Benchmarks
The repository ships with a benchmark tool under packages/typed-xlsx/benchmark/ that measures stream throughput, file size, and memory at different row counts and batch sizes.
Benchmark setup
The benchmark generates synthetic data with a representative schema (8 columns: string ids, dates, numeric amounts, enum statuses, and a string array that triggers sub-row expansion). All measurements run on Node.js 22, macOS (M-series), NVMe SSD for file-backed spool.
File size by row count
| Rows | Columns | Inline strings | Shared strings |
|---|---|---|---|
| 10,000 | 8 | 1.8 MB | 1.2 MB |
| 50,000 | 8 | 8.9 MB | 5.8 MB |
| 100,000 | 8 | 17.6 MB | 11.4 MB |
| 500,000 | 8 | 88 MB | 57 MB |
| 1,000,000 | 8 | 176 MB | 114 MB |
Shared strings compress better for data with many repeated values (enums, categories, region names). Inline strings avoid the shared string table in heap but produce larger files.
Generation time (stream mode, file-backed spool)

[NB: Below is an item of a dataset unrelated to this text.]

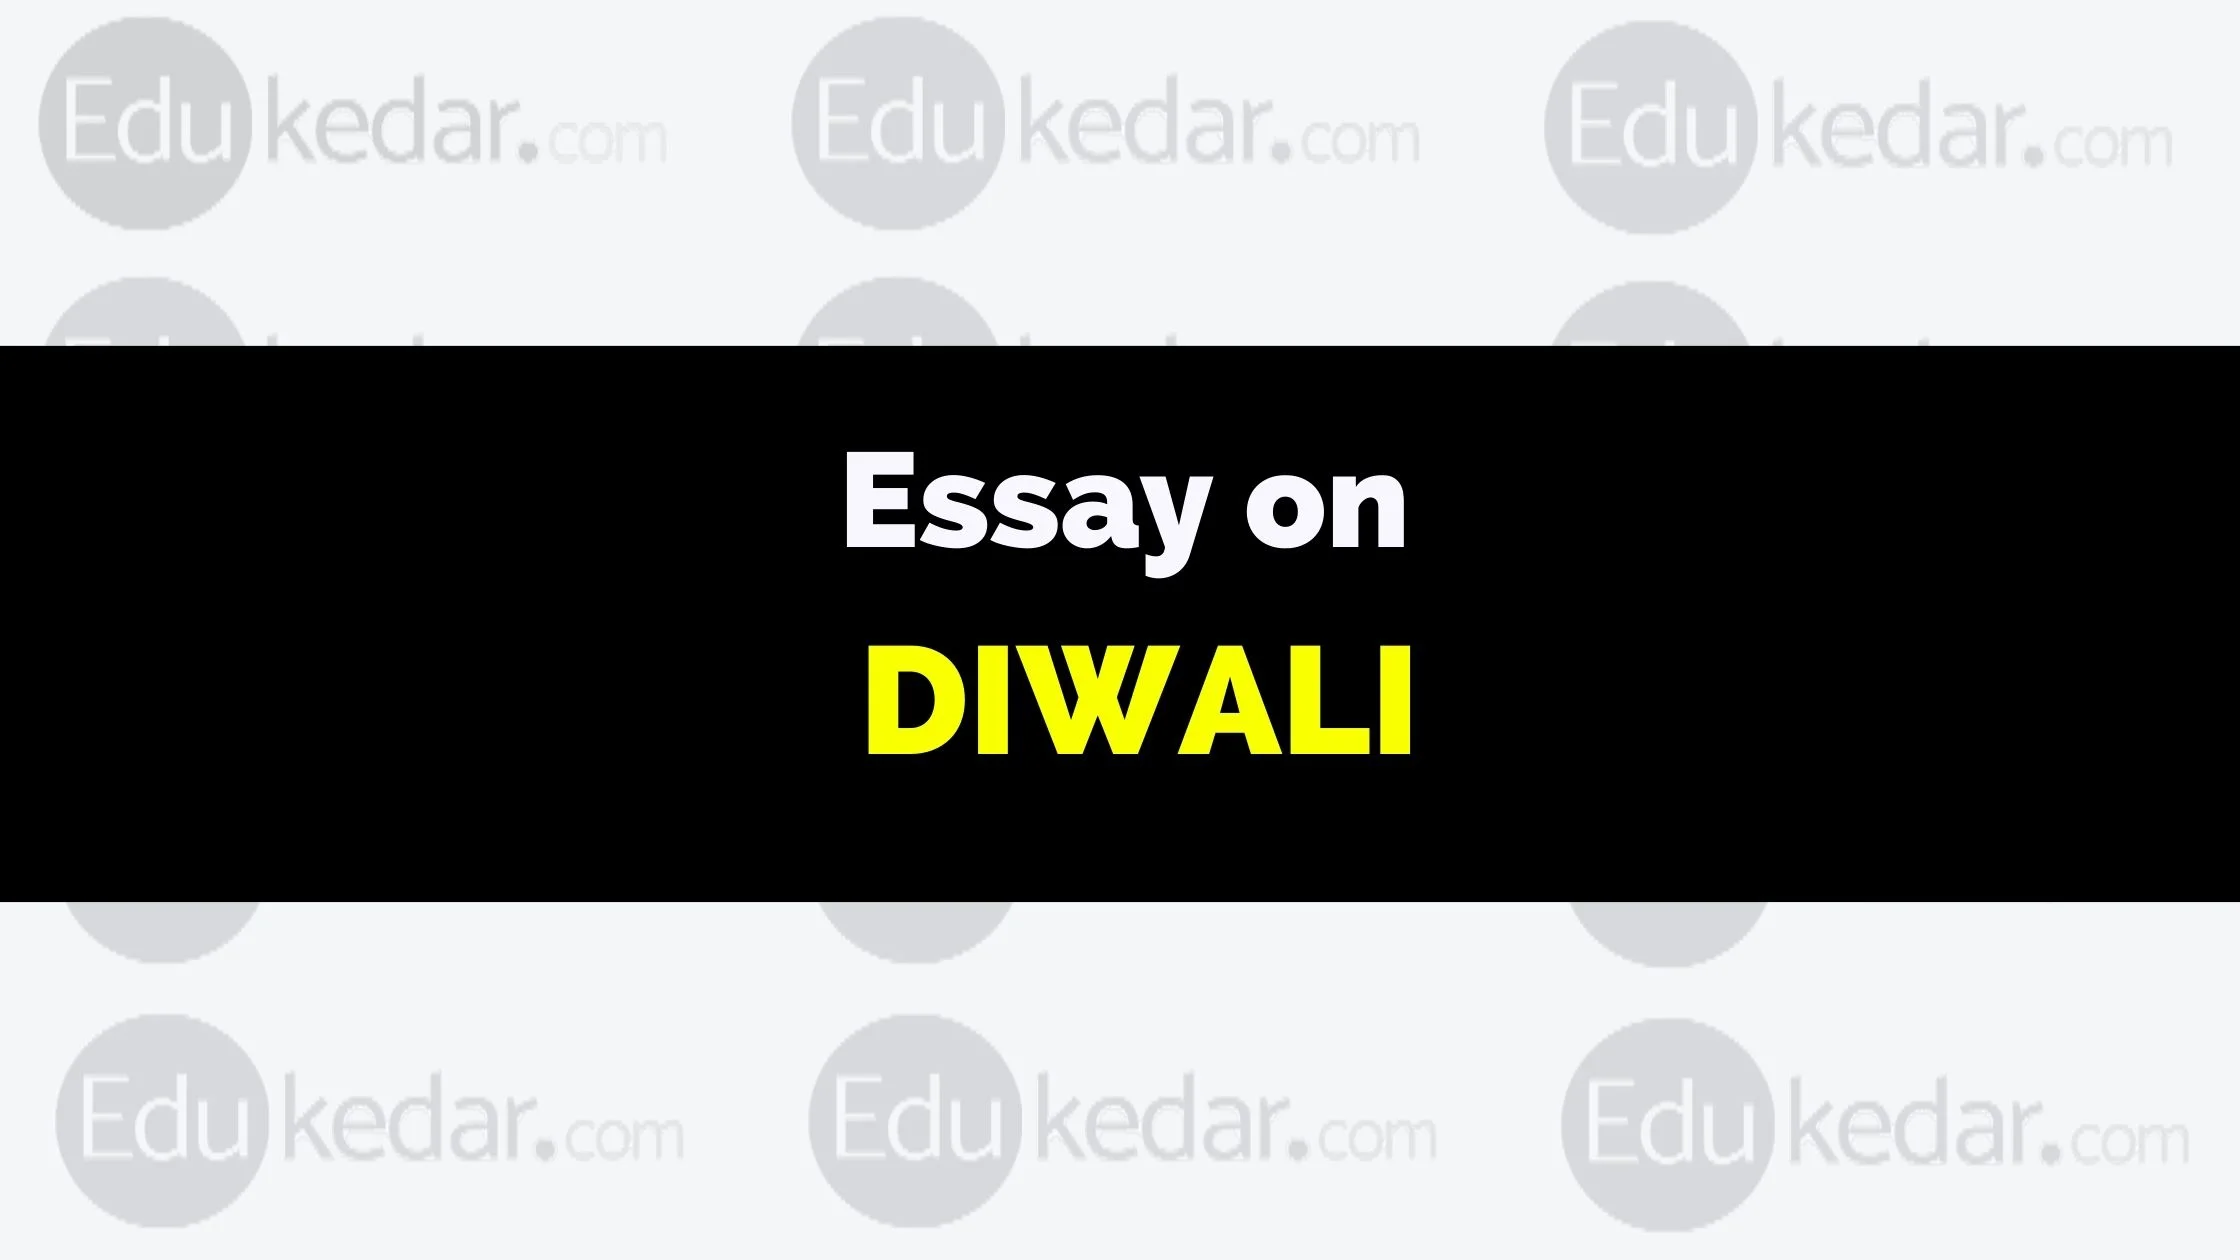 diwali essay on 150 words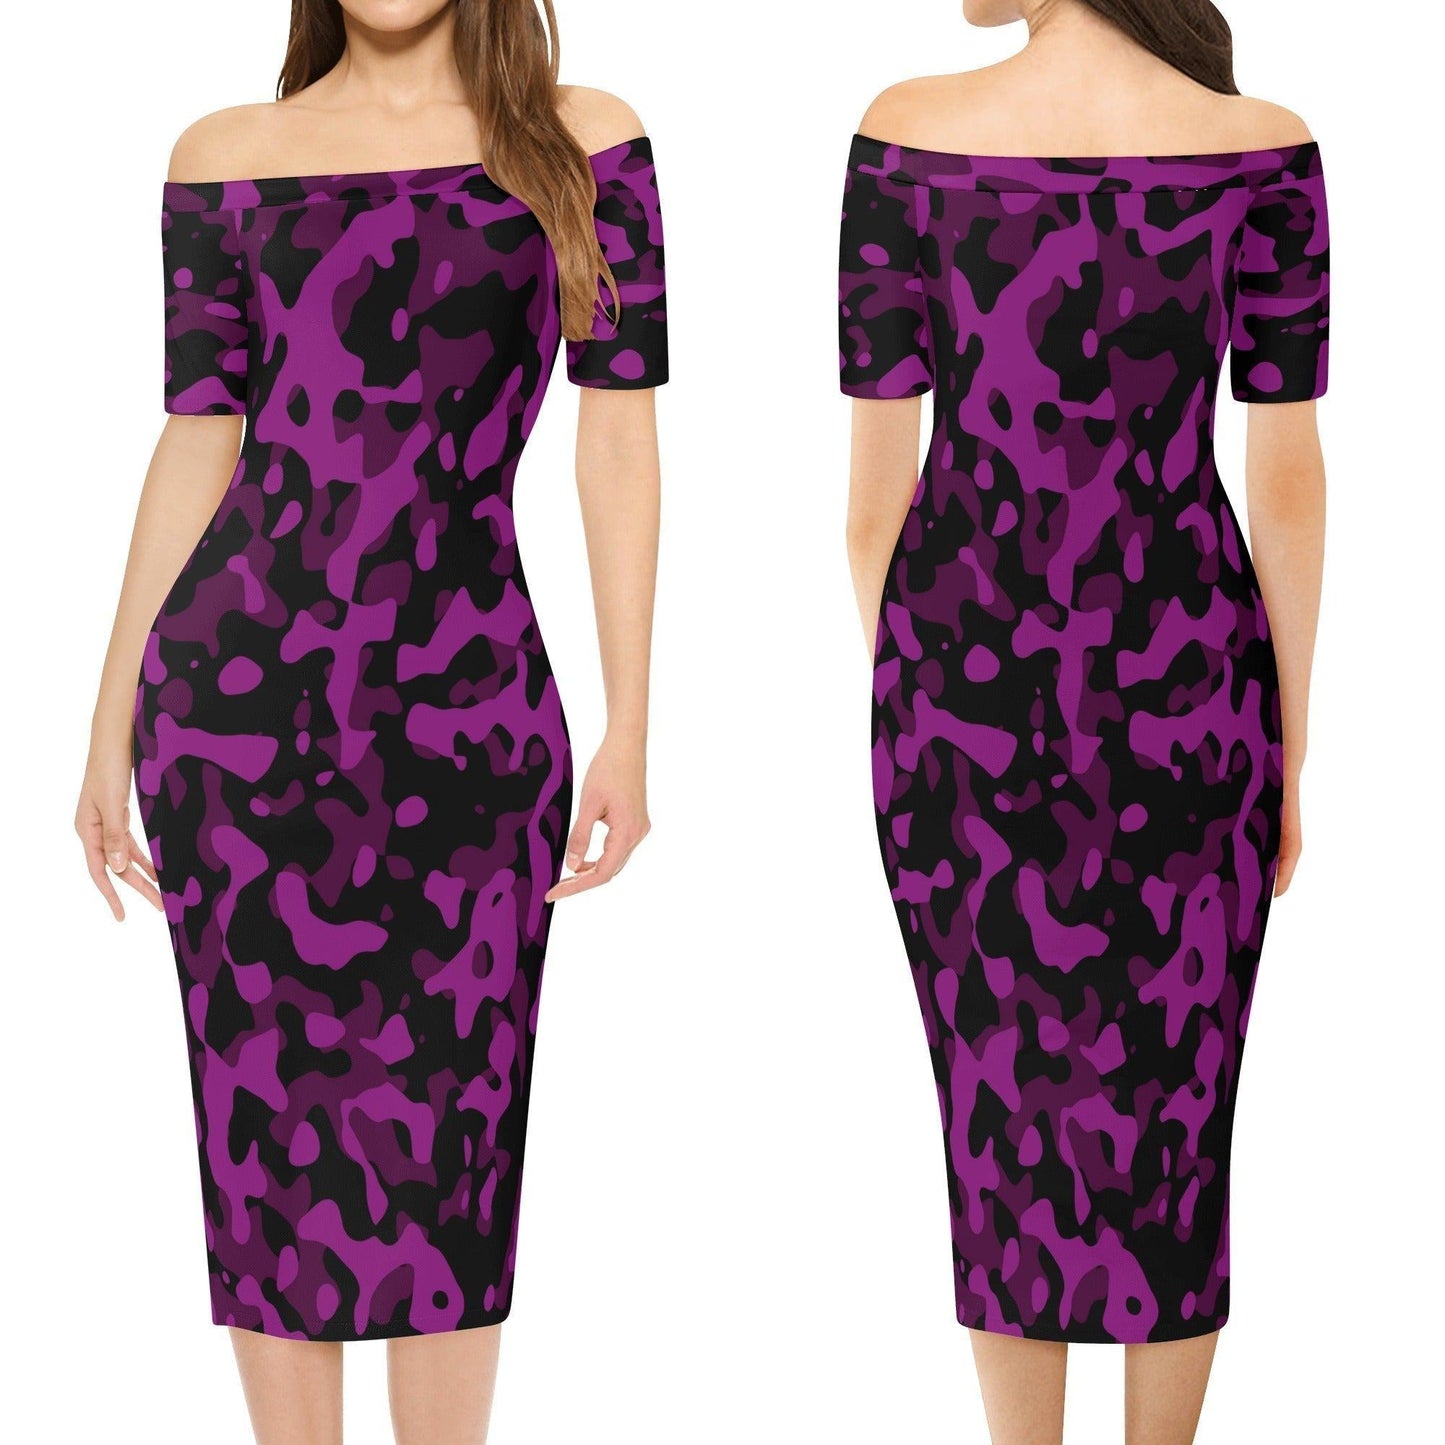 Black Violet Camouflage Off-Shoulder-Kleid -- Black Violet Camouflage Off-Shoulder-Kleid - undefined Off-Shoulder-Kleid | JLR Design

| Rows | Batch size | Total time | Peak heap |
|---|---|---|---|
| 10,000 | 1,000 | ~0.3s | ~60 MB |
| 100,000 | 5,000 | ~2.1s | ~80 MB |
| 500,000 | 10,000 | ~10.5s | ~95 MB |
| 1,000,000 | 10,000 | ~21s | ~100 MB |
Peak heap stays nearly flat as row count increases. Most of the variation comes from batch size (larger batches spike momentarily during serialization) and the shared string table (grows with unique string cardinality).
Generation time (buffered mode)
| Rows | Total time | Peak heap |
|---|---|---|
| 10,000 | ~0.5s | ~120 MB |
| 50,000 | ~2.4s | ~550 MB |
| 100,000 | ~5.1s | ~1.1 GB |
| 200,000 | ~11s | ~2.2 GB |
Buffered mode heap scales linearly. Above ~50k rows, you risk hitting Node's default heap limit in constrained environments.
Batch size effect (stream mode, 100k rows)
| Batch size | Total time | Peak heap |
|---|---|---|
| 500 | ~3.2s | ~65 MB |
| 1,000 | ~2.5s | ~70 MB |
| 5,000 | ~2.1s | ~78 MB |
| 10,000 | ~2.0s | ~90 MB |
| 50,000 | ~1.9s | ~280 MB |
Smaller batches increase spool write overhead. Larger batches spike heap during serialization. The sweet spot for most schemas is 1,000–10,000 rows per batch.
tempStorage: file vs memory (100k rows, 5k-row batches)
| tempStorage | Total time | Peak heap |
|---|---|---|
"file" | ~2.1s | ~78 MB |
"memory" | ~1.4s | ~340 MB |
File-backed spool keeps heap low at the cost of disk I/O. Memory spool is faster but the serialized XML accumulates in heap. On NVMe SSDs the difference is modest; on network-attached storage it is larger.
Running the benchmarks yourself
cd packages/typed-xlsx
bun run benchmark
The benchmark script accepts --rows, --batchSize, --tempStorage, and --strings flags. Results are printed to stdout and optionally written to benchmark/results/.